Are certain characters disallowed? Examples:
a. Control characters
b. Special characters like @ or /
a. Which other strings or identifiers are these most similar to?
b. Are these strings or identifiers sometimes the same as strings or identifiers from other protocols (e.g., does an IM system sometimes use the same credentials database for authentication as an email system)?
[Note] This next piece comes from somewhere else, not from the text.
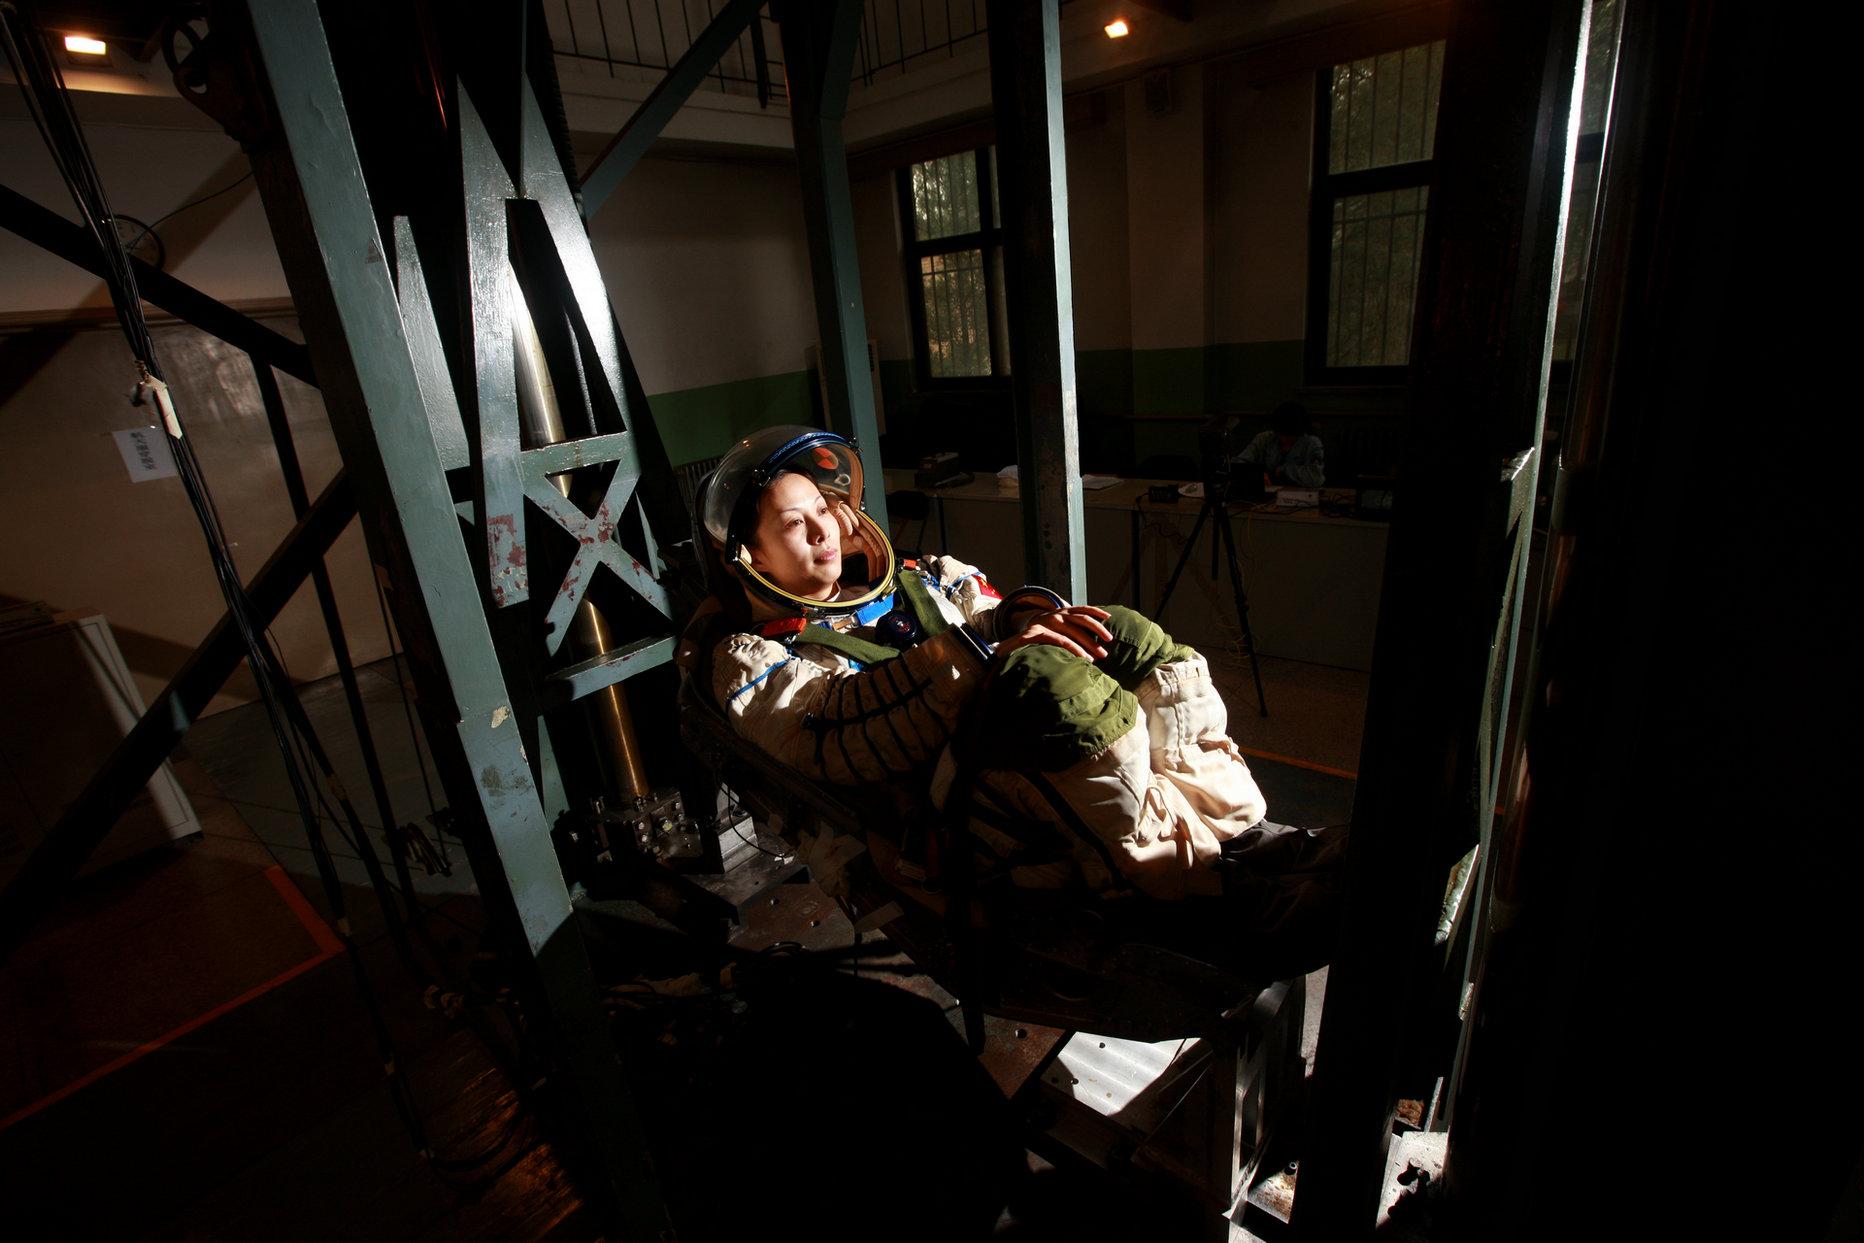 2011年07月22日 王亚平在冲击塔进行冲击训练 摄影:朱九通

Does the identifier have internal structure that needs to be respected? Internal structure might use certain "special" characters as delimiters, such as:
a. . (dot)
b. @ (at-sign)
c. - (hyphen)
d. / (slash)
e. _ (underscore)
Exactly how are users exposed to these strings? How are they published? Examples:
a. vCard
b. web directory
c. business card
d. "side of the bus"
Is the string / identifier used as input to other operations? Examples:
a. cryptographic hash function
b. concatenated with other strings to create unique identifer
a. how much tolerance for change from existing stringprep approach?
b. how strong a desire for change (e.g., for Unicode agility)?